DNSキャッシュは自動的に管理され、パフォーマンス向上に役立ちます。
しかし、WebサイトのIPアドレスやDNS設定が変更された場合など、キャッシュのデータが古くなると、サイトが読み込まれない、または誤ったページが表示されるといった問題が発生することがあります。
そのような場合は、DNSをフラッシュすることで古いデータを削除し、正常な動作を回復できます。

DNSをフラッシュする方法:Windowsの場合

以下の手順では、最新および以前のWindowsバージョンでコンピュータのDNSキャッシュをクリアする方法を説明します。

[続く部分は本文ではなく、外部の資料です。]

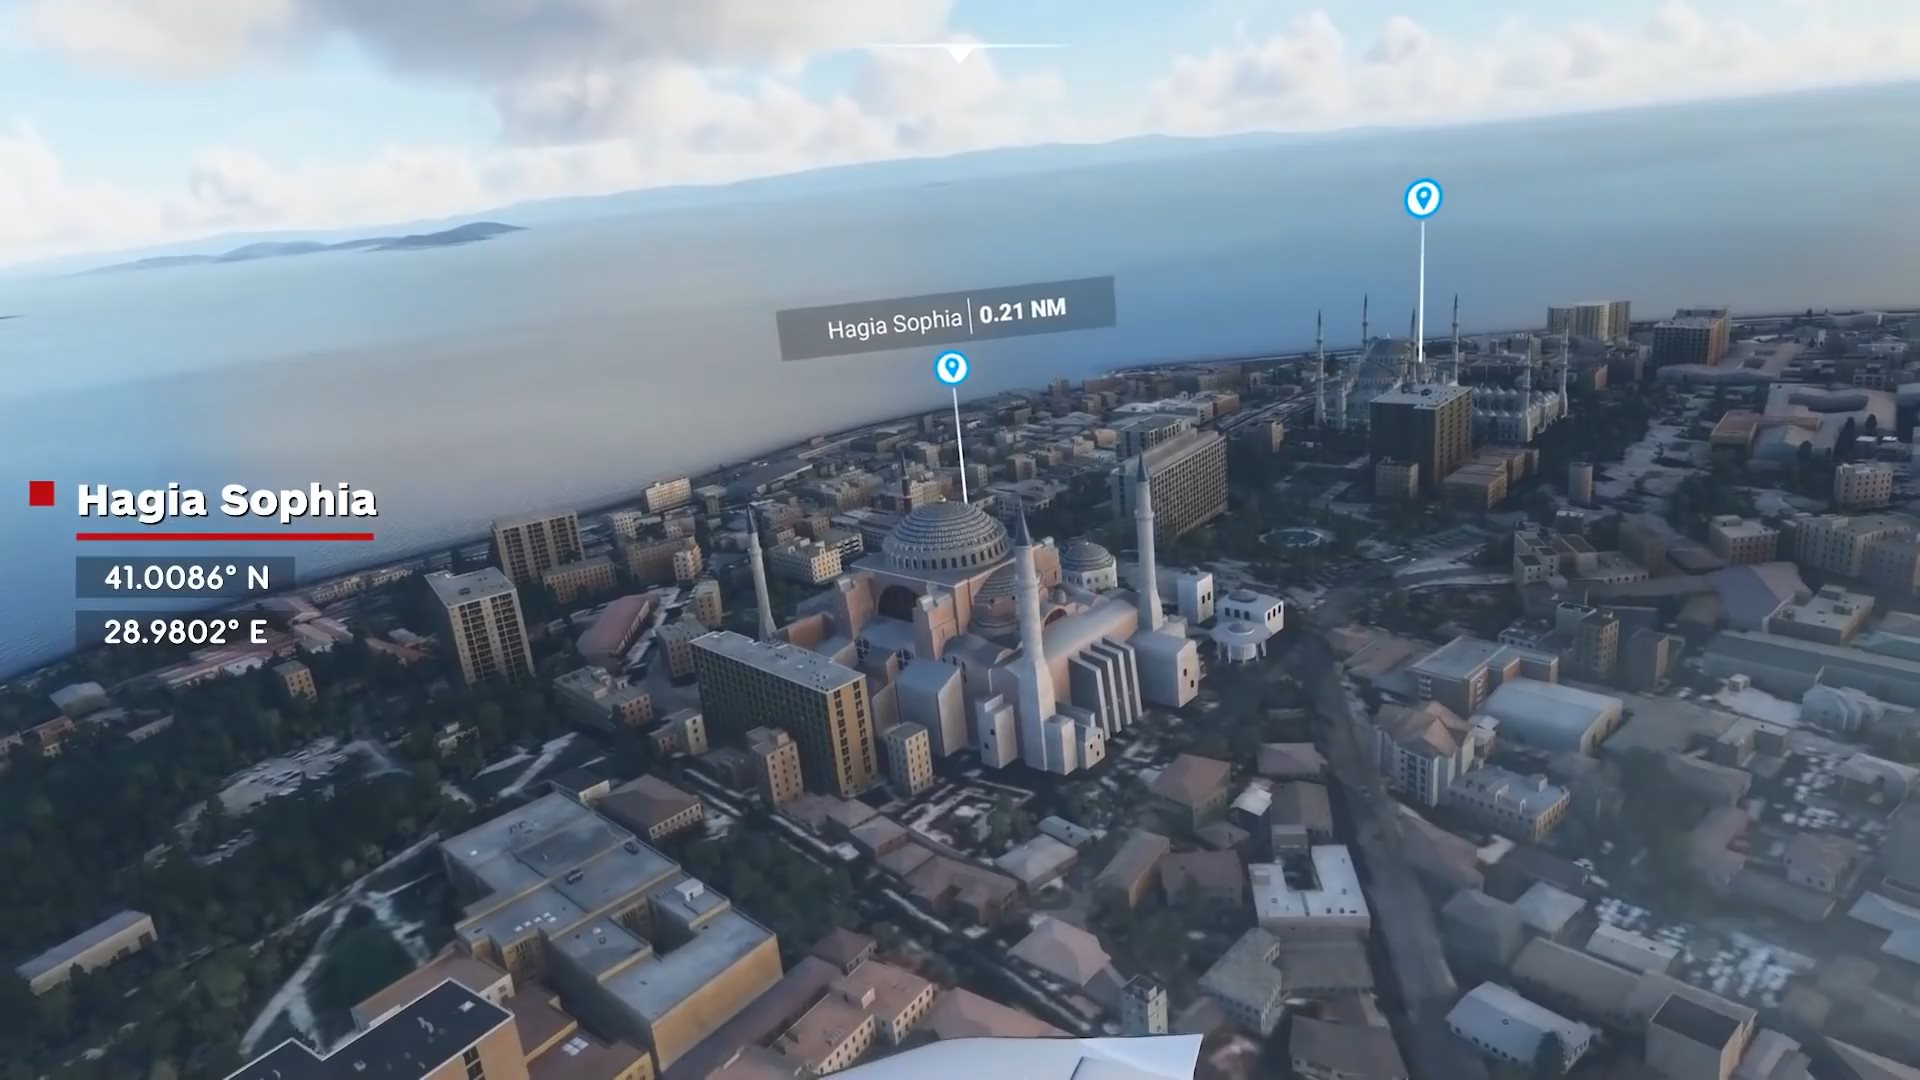 《微軟飛行模擬》實機演示 飽覽全球14個知名地標風景

  1. 画面左下のWindowsアイコン、またはStartボタンをクリックします。
  2. 「コマンドプロンプト(Command Prompt)」をクリックするか、検索して起動します。
  3. または、Windows + Rを押して「ファイル名を指定して実行」を開き、cmdと入力してコマンドプロンプトを起動することもできます。
  4. コマンドプロンプトがコンピュータに変更を加える許可を求めるポップアップが表示された場合は、「Yes」を選択します。
  5. 管理者の認証情報を求められた場合は、システム管理者に連絡してください。
  6. コマンドプロンプトのウィンドウで次のコマンドを入力します。
    ipconfig /flushdns
  7. Enterキーを押します。
  8. DNSリゾルバキャッシュがフラッシュされたことを示すメッセージが表示されます。

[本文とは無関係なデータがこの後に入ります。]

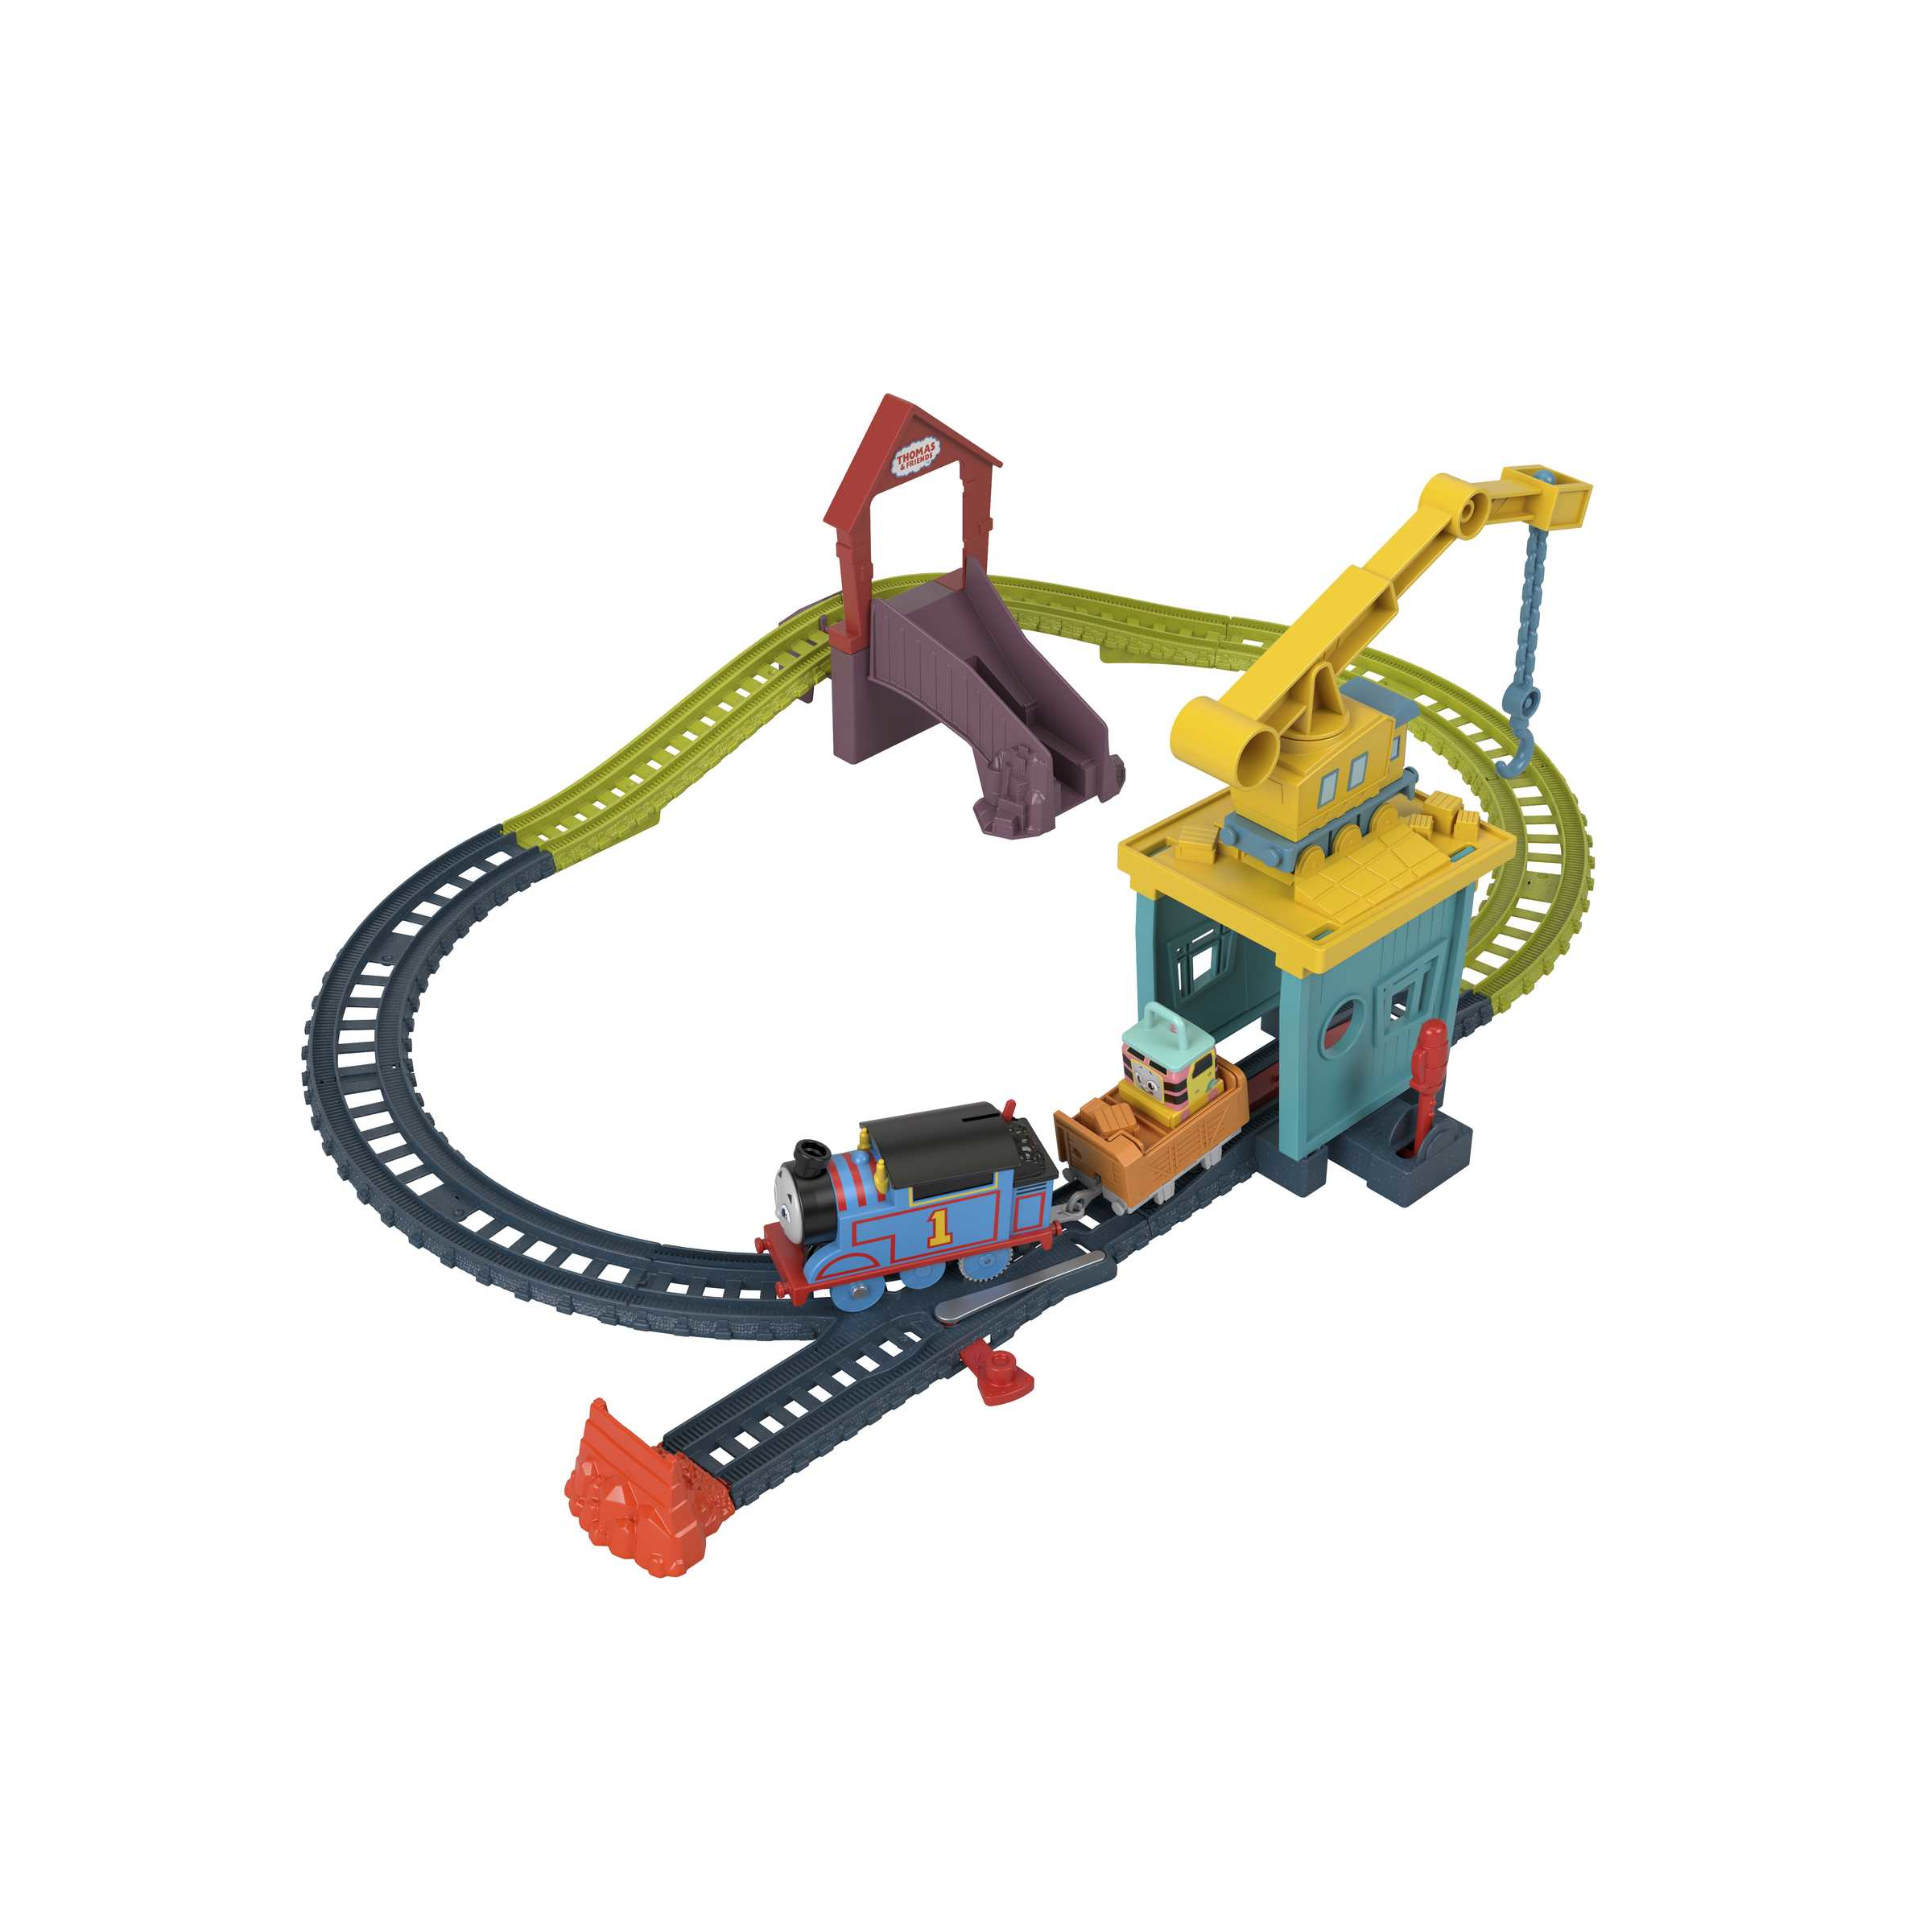 Il trenino thomas - carica e scarica sandy, playset con trenini e pista, include thomas la locomotiva motorizzata, giocattolo per bambini 3+ anni, hdy58 - THOMAS & FRIENDS

注:Windows XPおよびVistaでDNSキャッシュをフラッシュする手順は、最新のMicrosoft Windowsとほぼ同じです。
ただし、最後に表示されるメッセージが異なる場合や、管理者権限が必要になる場合があります。

DNSをフラッシュする方法:Macの場合

MacでDNSキャッシュをフラッシュするのは簡単ですが、正しいコマンドを使用するためには、使用しているmacOSのバージョンを確認する必要があります。
使用するコマンドはmacOSのバージョンによって異なるため、バージョンを確認してから実行する必要があります。
以下の手順でMacのDNSキャッシュをフラッシュできます。

  1. Finderを開きます。
  2. Applications(アプリケーション)をクリックします。
  3. Utilities(ユーティリティ)フォルダに移動します。
  4. Terminalを開きます。(またはLaunchpadで「Terminal」を検索して起動することもできます。)
  5. Terminalウィンドウで、使用しているmacOSのバージョンに対応するコマンドを入力します。
macOSバージョン コマンド
macOS 14(Sonoma)
macOS 13(Ventura)
macOS 12(Monterey)
macOS 11(Big Sur)
macOS 10.15(Catalina)
macOS 15(Sequoia)
sudo killall -HUP mDNSResponder
macOS 10.10(Yosemite) sudo discoveryutil -mdnsflushcache
macOS 10.7〜10.9、10.11〜10.14 sudo killall -HUP mDNSResponder
macOS 10.5〜10.6(Leopard、Snow Leopard) sudo dscacheutil -flushcache
macOS 10.4(Tiger) lookupd -flushcache
  1. Enterキーを押します。
  2. 求められた場合は管理者パスワードを入力し、再度Enterキーを押します。
  3. 確認メッセージが表示される場合もあれば、何も表示されない場合もありますが、いずれの場合でもDNSキャッシュは正常にフラッシュされています。

DNSを手動でフラッシュするべきですか?

DNSキャッシュとは、Webサイトを見つけるために必要な情報を保存する仕組みです。
これにはIPアドレス、ホスト名、その他のDNSレコードなどが含まれます。
ネットワークのDNSサーバーはこれらのレコードを管理し、必要に応じて更新されます。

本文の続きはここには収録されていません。